Leave $ s in Sigma ^ * $. Leave elements of the finite set $ A $ be collections of subintervals $ (i, j) $ from $ (0, | s |) $. Such that yes $ x in A $ Y $ y, z in x $ then also $ y subset z, z subset and $ or $ y cap z = {} $. Clearly, this captures the idea of a chain grouping $ s $:

$$

((abc) d) f (a (bc) d) e

$$

through parentheses. It is also obvious that you can convert the previous grouping into a CFG generator $ s $:

$$

S to AfBe \

A a Cd \

B a aDd \

C a abc

$$

and vice versa.
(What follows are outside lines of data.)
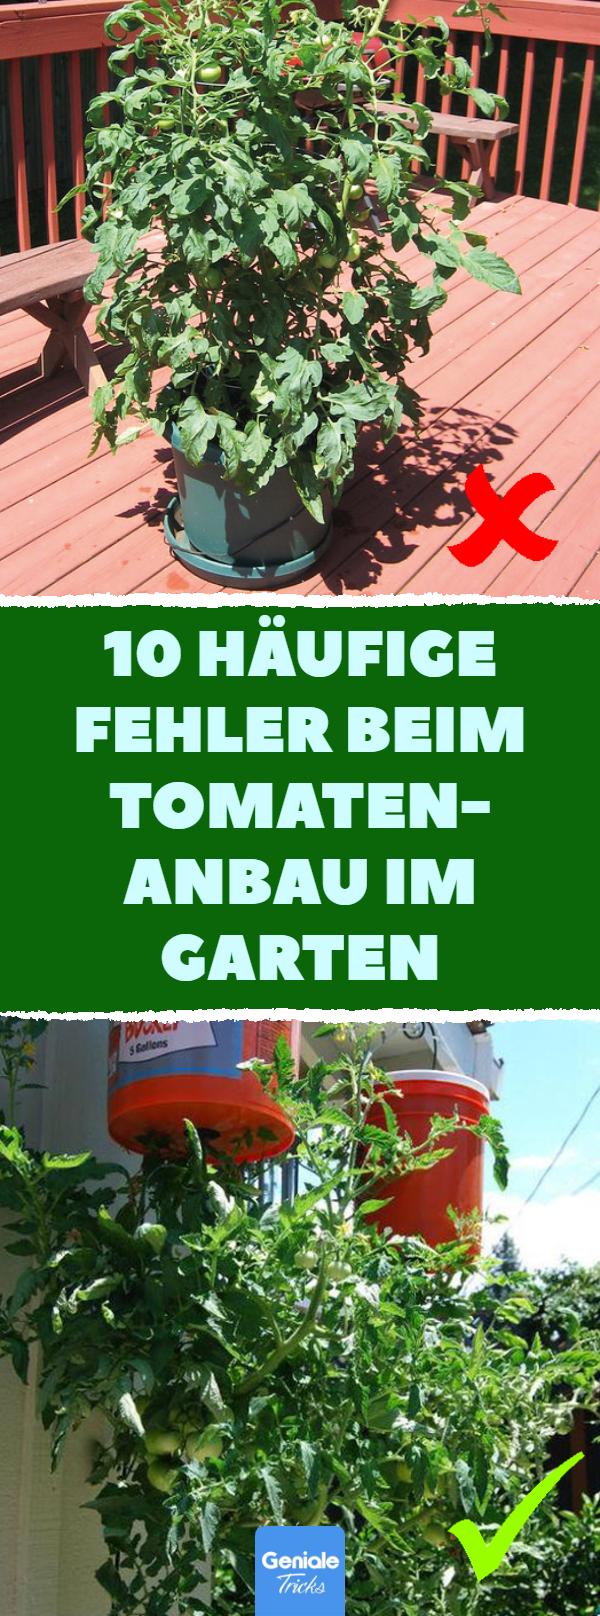 10 Haufige Fehler Beim Tomatenanbau Im Garten 10 Fehler Beim Tomaten Ziehen Und Tipps Wie S Richtig Geht Tomaten Pfla In 2020 Tomatenanbau Pflanzen Tomaten Pflanzen
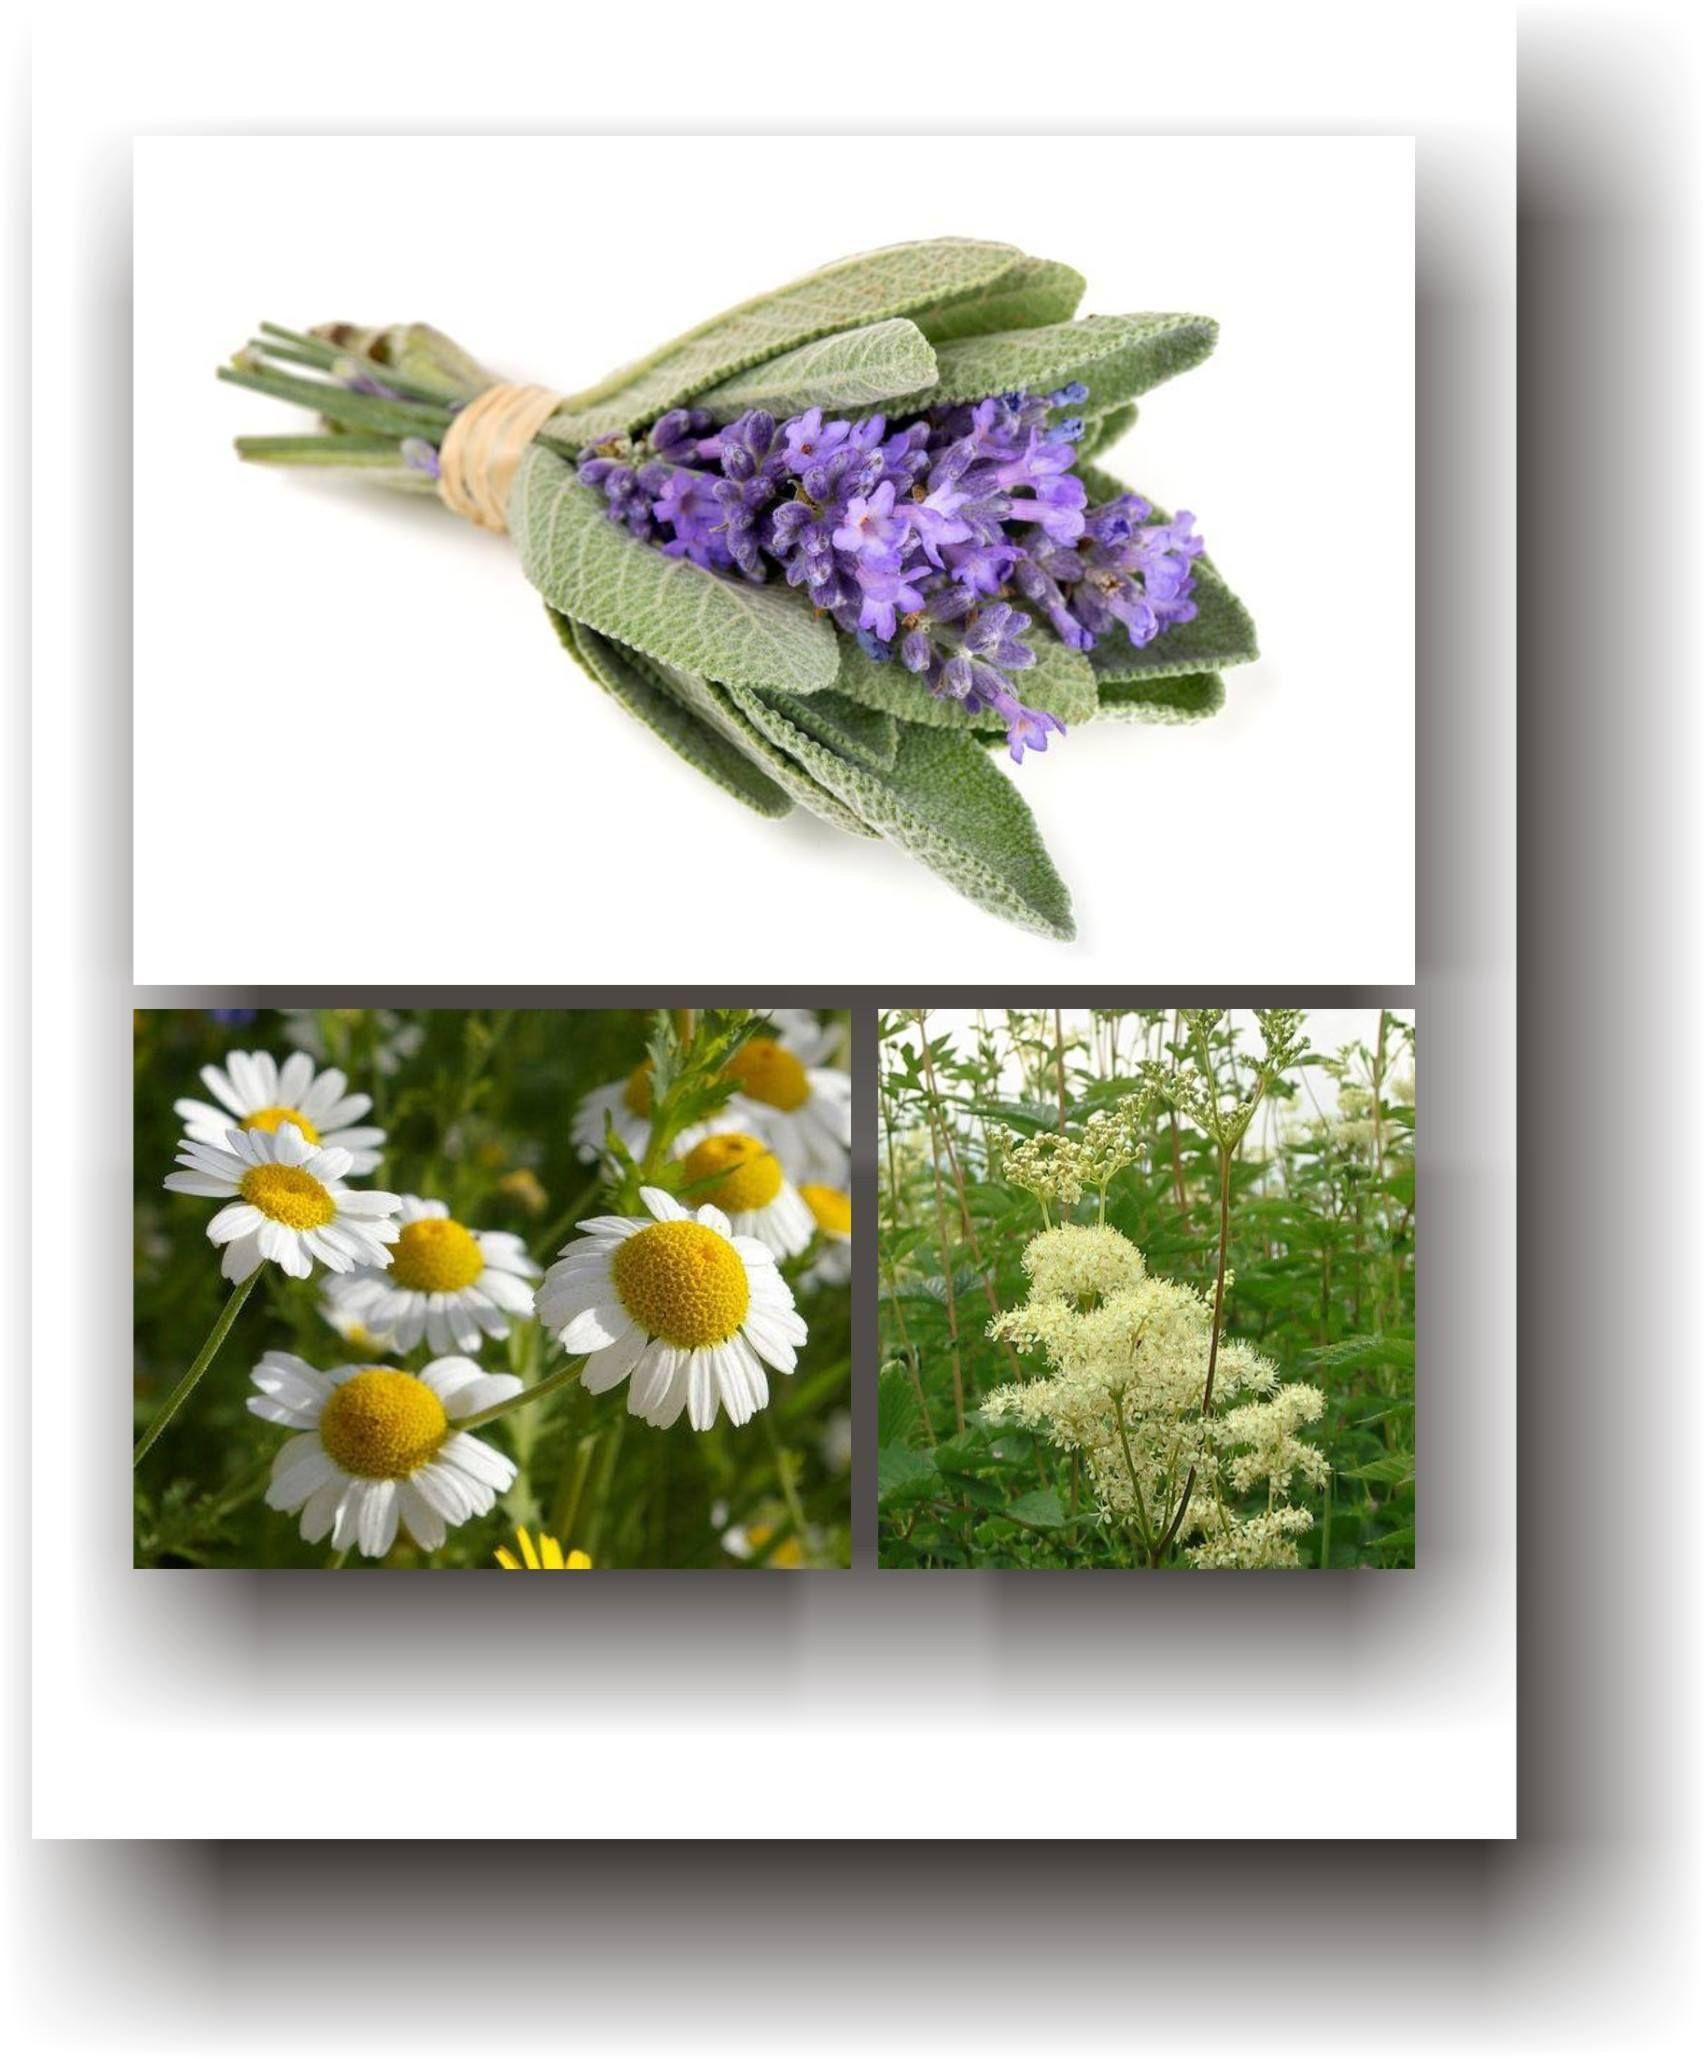 plante terapeutice din varicoză
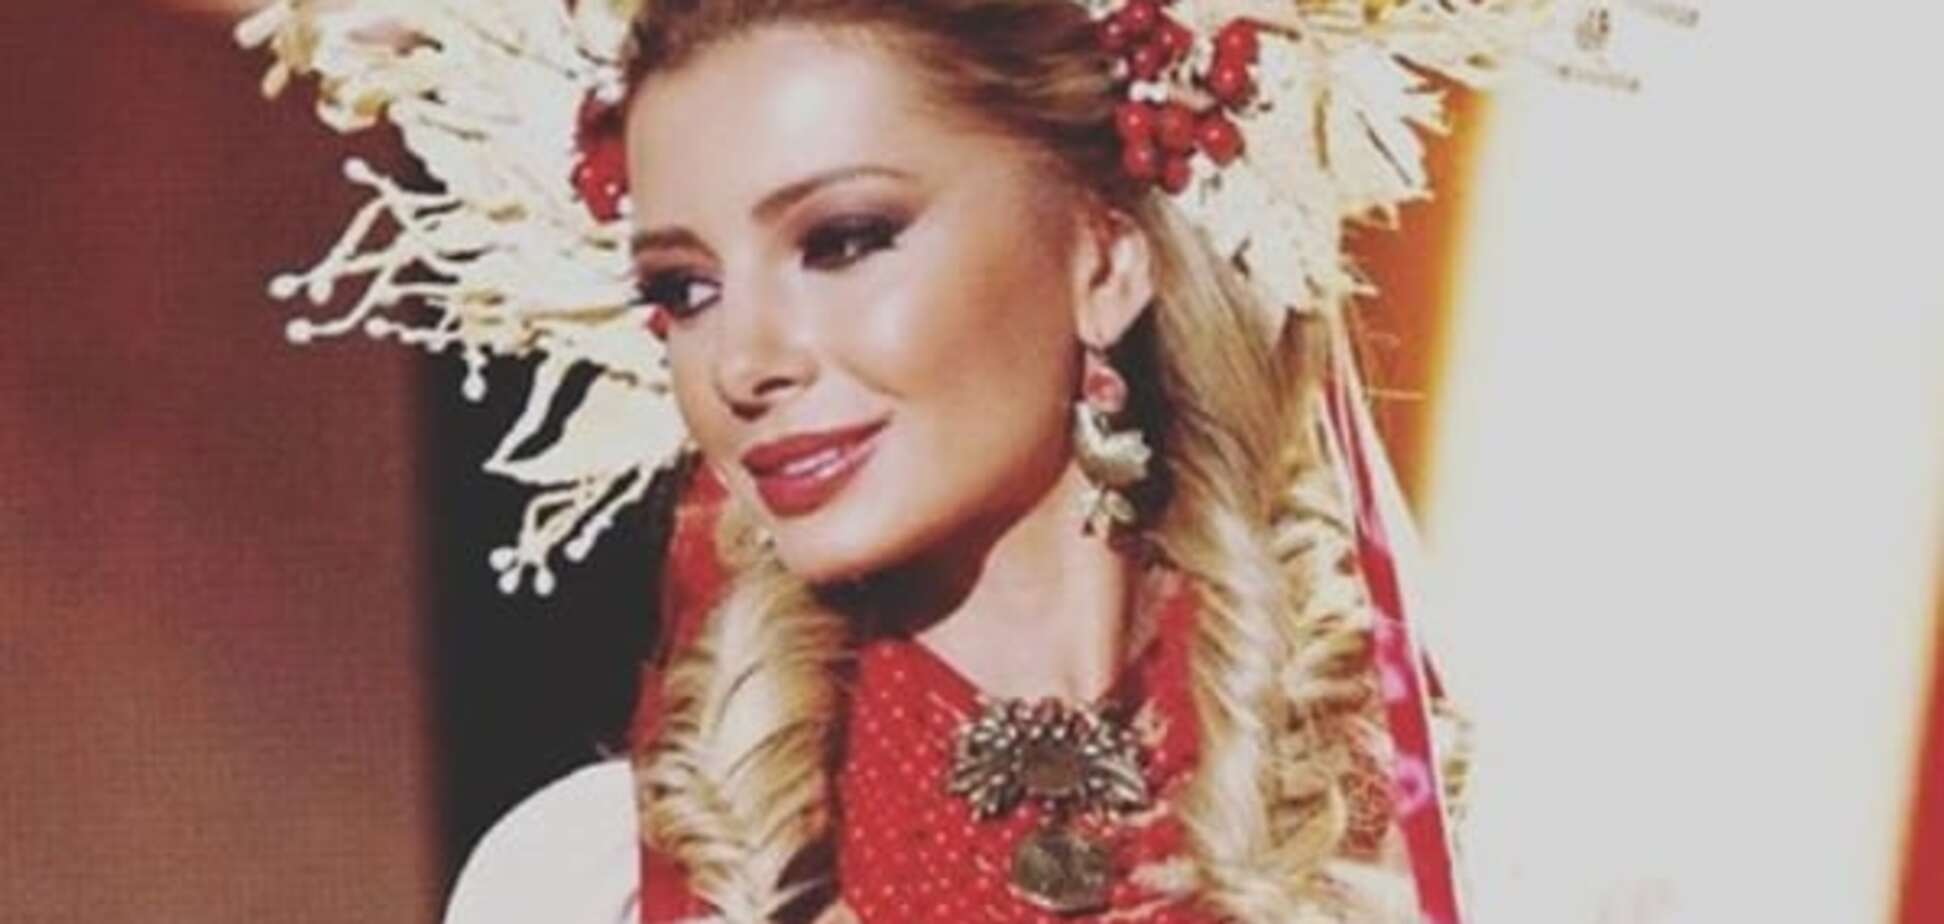 'Міс Всесвіт - 2015': українка показала розкішний національний костюм
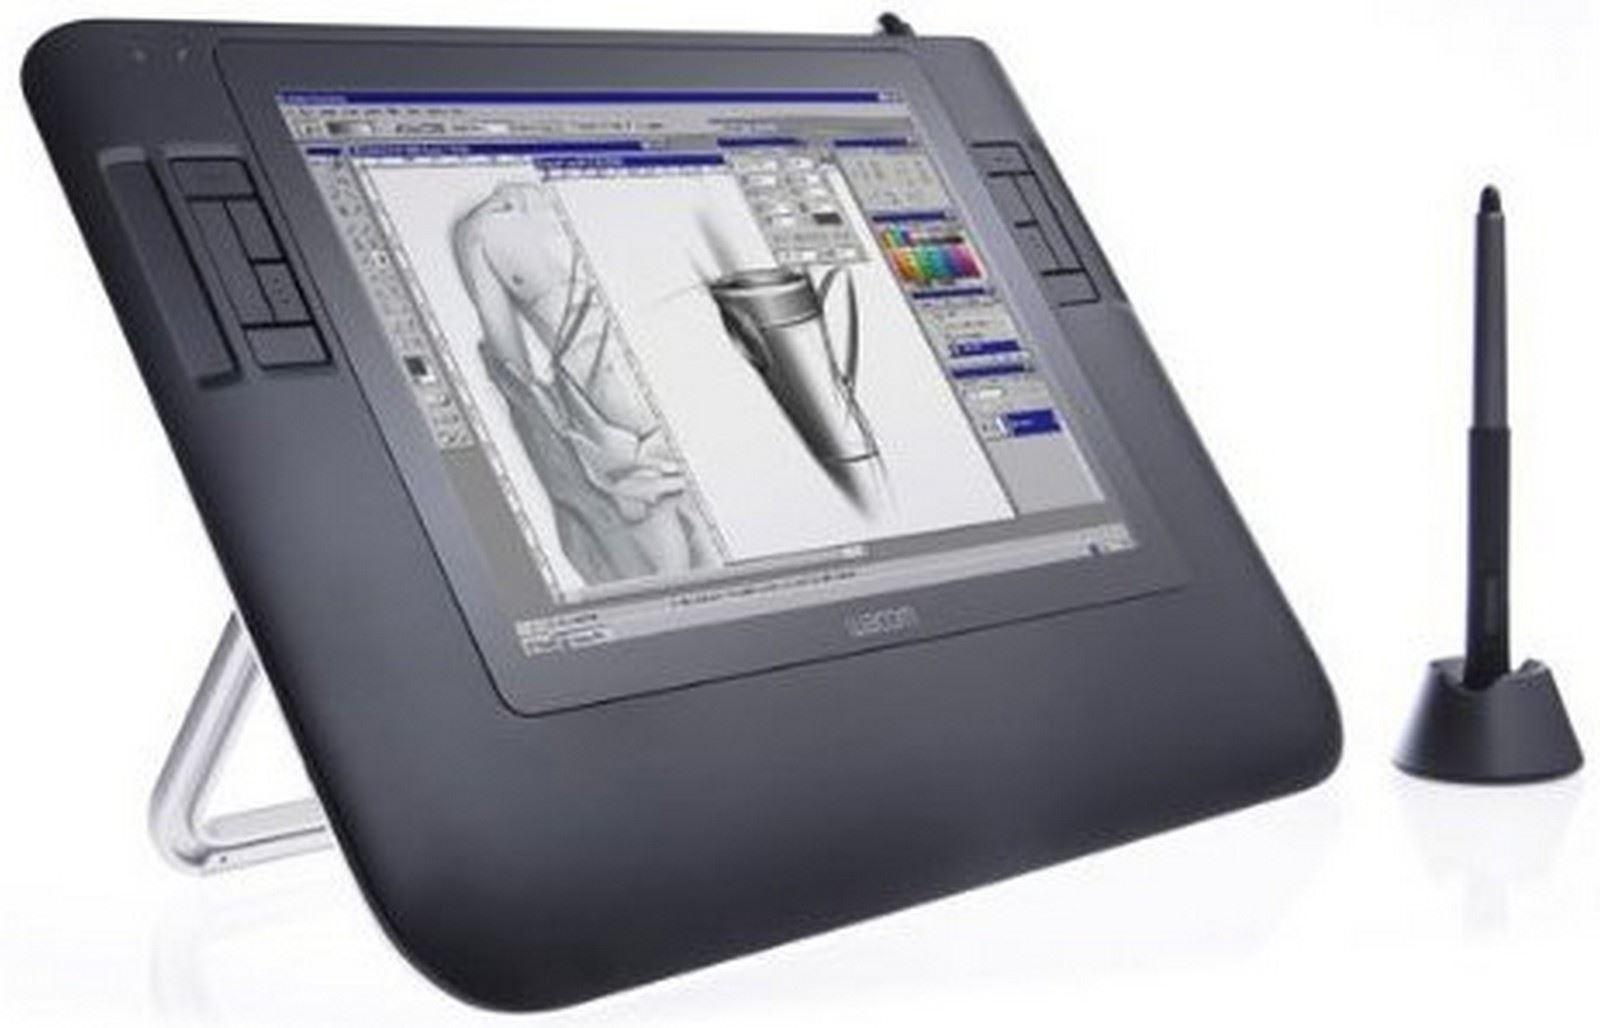 BNIB WACOM Cintiq 12WX DTZ-1200W/G Interactive Pen Display Graphics Tablet  | eBay

Therefore, the generation of CFG $ s $ correspond one by one with valid parenthesis groupings of $ s $. Grouping notation is easier to work than grammar notation.

Now define $ (i, j) cap (a, b) = ( max (i, a), min (j, b)) $ where if the result is $ (l, k) $ Y $ k leq l $ we say that they don't cross or that their intersection is $ 0 $.

Now for any $ x, y in A $ define $ x cdot y = {a cap b: a in x, b in y } $. This operation forms a monoid through the associativity of $ cap $ giving associativity of the intersection of elements, and identity is the element $ {(0, | s |) } in A $. We will refer to that element as $ 1 $. There is a zero element, namely $ {} $ which is multiplied by anything to match $ {} $.

Henceforth, $ (i, j) equiv {(i, j) } in A $ with notation

If we define the union of two singleton elements $ (i, j), (a, b) in A $ be $ {(i, j), (a, b) } $ Yes $ i neq b $ Y $ j neq to $ Y $ (i, j) cap (a, b) = 0 $, and if they touch or overlap $ (i, j) cap (a, b): = ( min (i, a), max (j, b)) $ (its union in the rope $ s $); so **Can we have a ring using some kind of symmetric difference or element by element?**

Note that the power set of a set forms a ring below $ + = $ symmetric difference

Also, keep in mind that I have posted about this ring before, but I ran into problems that don't have singleton junctions two joints if they touch or overlap.

If you need to define the plugin first, say if you were trying $ x + y = x overline {y} cup overline {x} y $ trick, then obviously yes $ (i, j) $ it's a singleton in $ A $, its complement would be:

$$

{(0, i), (j, | s |) } in A

$$

It is very confusing for me how to extend the complement to other elements, etc. Please try it.